En su visita oficial a Canadá, un periodista de ese país le preguntó con cierto tono insolente al presidente Adolfo López Mateos: “¿Que problemas tienen en común Canadá y México?” Con la mayor naturalidad le respondió:” Tenemos varios, pero el más importante es uno: Estados Unidos”. Nunca antes habíamos advertido con toda claridad el alcance de esta aseveración; ahora, con motivo de la renegociación del Tratado de Libre Comercio de Norteamérica (TLCAN) estamos viviendo la ruda realidad de tener como vecino a una nación provista de una fuerza militar y financiera descomunal, gobernada por un hombre imprudente, insensato, atolondrado, impertinente, irreflexivo, ambicioso. Un hombre envenenado por una perspectiva xenofóbica, convencido de la superioridad racial de los WASP (blancos de ojos azules, anglosajones y protestantes) y decidido a imponer políticas enderezadas a recuperar el “predominio universal estadounidense”.

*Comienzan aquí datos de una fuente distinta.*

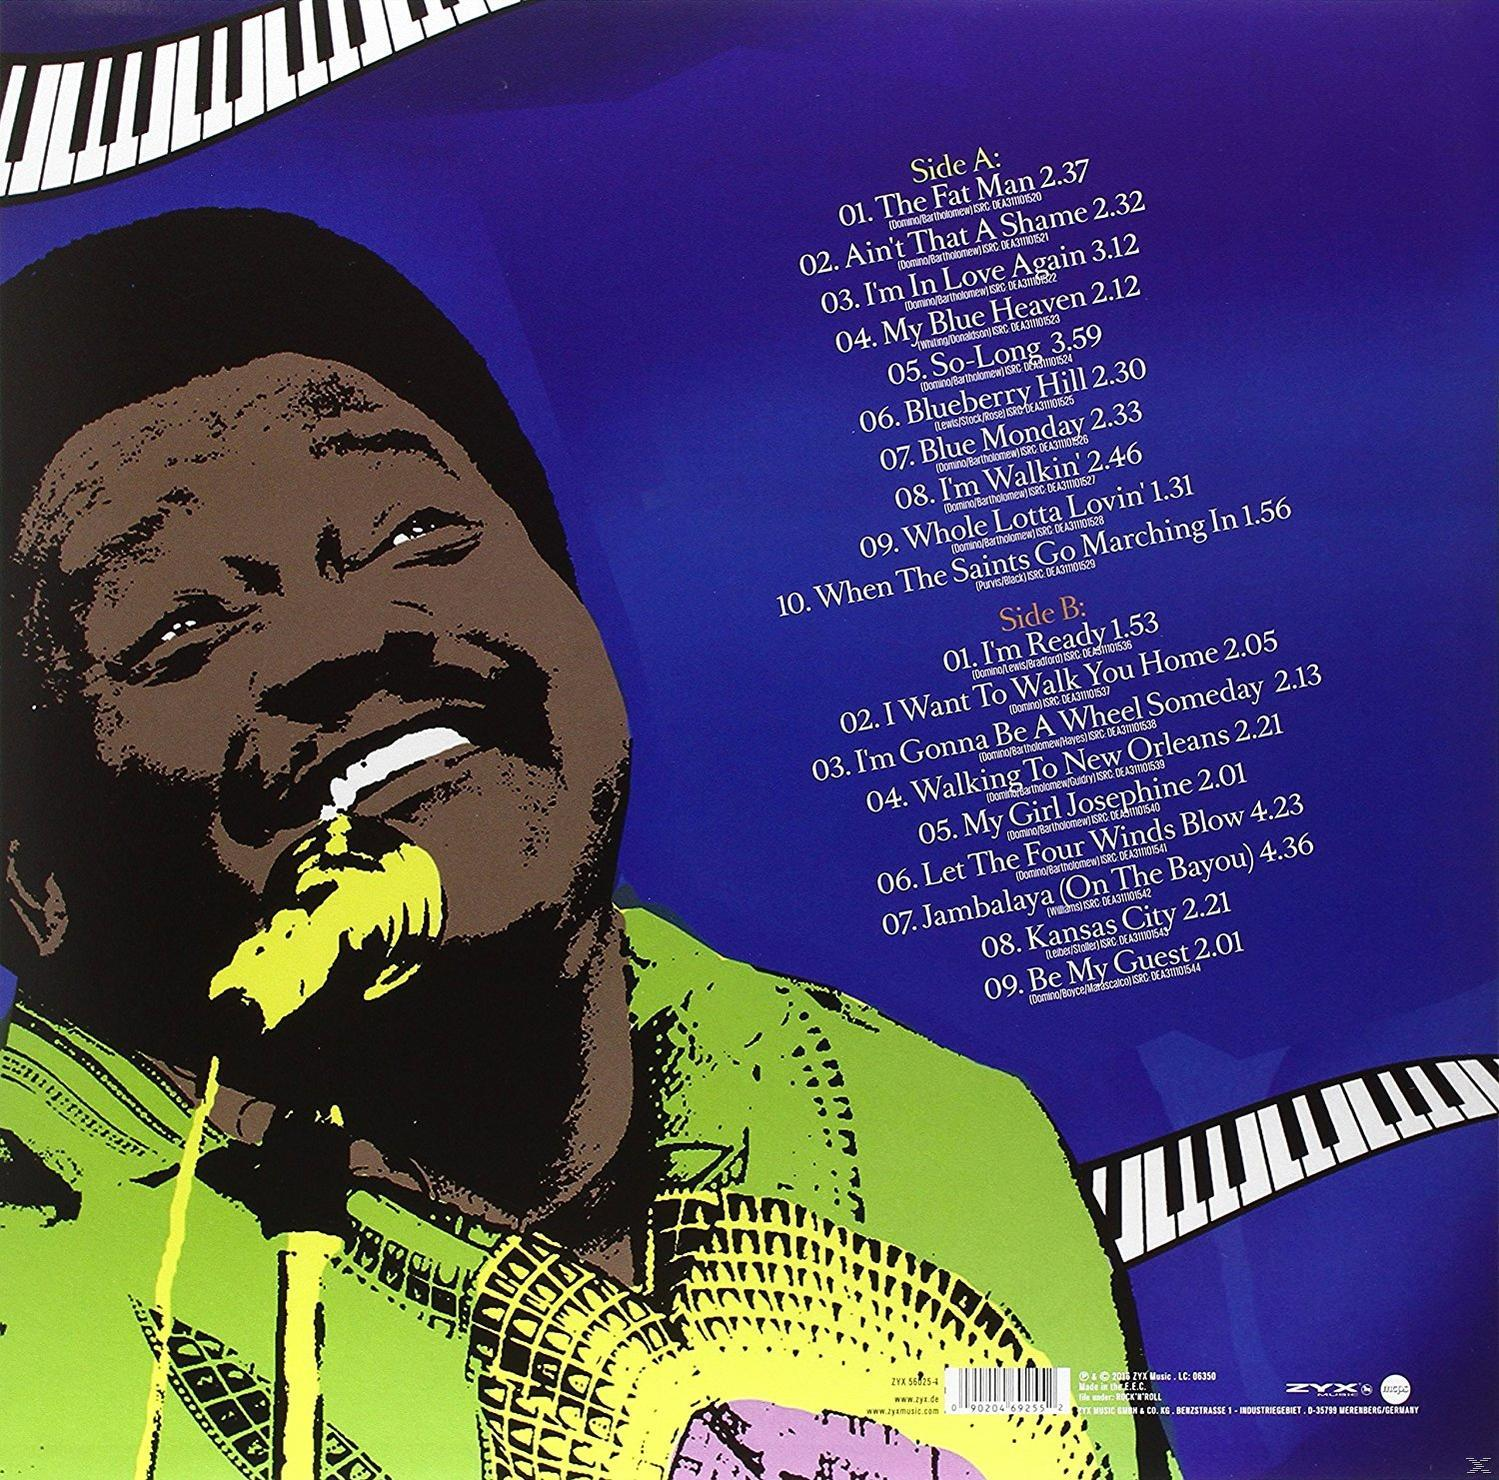 Fats Domino - Greatest Hits Walkin-His - I\'m (Vinyl)

Suponer que el desorden imperante en la Casa Blanca y la impopularidad evidente del señor Trump lo va conducir a su destitución del cargo de presidente es una ingenuidad. No nos engañemos: sigue contando con el respaldo de sus seguidores quienes, con su voto, lo eligieron para recobrar la “grandeza de América”. Están convencidos de que los compromisos de campaña del señor Trump no se han cumplido debido a la resistencia de los políticos incrustados en las estructuras de poder en el Capitolio y, por ello lo continúan apoyando en su lucha por “depurar” la vida política norteamericana. Ese respaldo lo ha alentado a empezar a instalar comités de apoyo para su reelección.
Más allá de sus imprudencias, el presidente Trump es un político astuto: sabe del valor estratégico de la negociación. Sus virulentas amenazas persiguen un doble objetivo: de un lado, mostrar a sus seguidores el apego a sus compromisos de eliminar del Tratado todo aquello causante de la desaparición de fuentes de empleo en las zonas manufactureras de noreste norteamericano; y, de otro, ablandar a los negociadores mexicanos y canadienses mediante la amenaza constante de retirarse unilateralmente del TLCAN. En ese marco se inscriben las intimidaciones a las empresas con filiales en territorio mexicano, tendientes a lograr la cancelación de nuevas inversiones. Estos apercibimientos han venido perdiendo efectividad, aunque posiblemente cobren una nueva dimensión mediante un nuevo marco fiscal tendiente a favorecer a los empresarios y a atender las exigencias proteccionistas de algunos sectores estadounidenses. Business are business.
Los negociadores mexicanos enfrentan un tema muy sensible: la competitividad de México se sustenta en bajísimos salarios pagados a los trabajadores mexicanos equivalentes a una décima parte de los recibidos por los estadounidenses y canadienses. Para los empresarios nacionales y para los tecnocrátas del Banco de México-Secretaría de Hacienda la política salarial es una cuestión innegociable. En su concepto, el bajo nivel salarial es un factor esencial en la estabilidad macroeconómica; modificarlo, entraña el riesgo de resucitar la lucha de clases. Tal vez sea el tema más difícil de solventar, salvo la intervención injerencista del Fondo Monetario Internacional a favor de la posición mexicana.
Los funcionarios mexicanos han postulado que el fin del TLCAN no será una catástrofe para México. Si bien, es una estratagema negociadora, esta posición despierta temores en grupos empresariales, alimentados por las declaraciones poco optimistas del premio nobel Paul Krugman en el sentido de que la cancelación del Tratado posiblemente provocará la disminución a la mitad, la de por sí desolador crecimiento del PIB nacional, con su secuela negativa en el empleo y en las exportaciones.
El problema reside en que el gobierno no ha perfilado los términos de un Plan B. Me temo que los funcionarios responsables solo contemplan una opción simplista: fortalecer relaciones comerciales con otras economías. El problema es mucho más complejo y, por ello, la conducción futura del país no puede quedar en manos de los devotos de la globalización sin límites, de quienes confían en la libertad irrestricta del comercio exterior como fuente del desarrollo económico, indiferentes al fomento del desarrollo industrial y contrarios a detener la creciente dependencia alimentaria del país.
De nueva cuenta, las contingencias externas nos deben obligar a cambiar radicalmente el rumbo del país, a mirar hacia adentro, a enfrentar las terribles consecuencias de una política económica de modernidad de escaparate. Si actuamos con realismo y patriotismo, podremos edificar un gran país industrializado, competitivo y eficiente.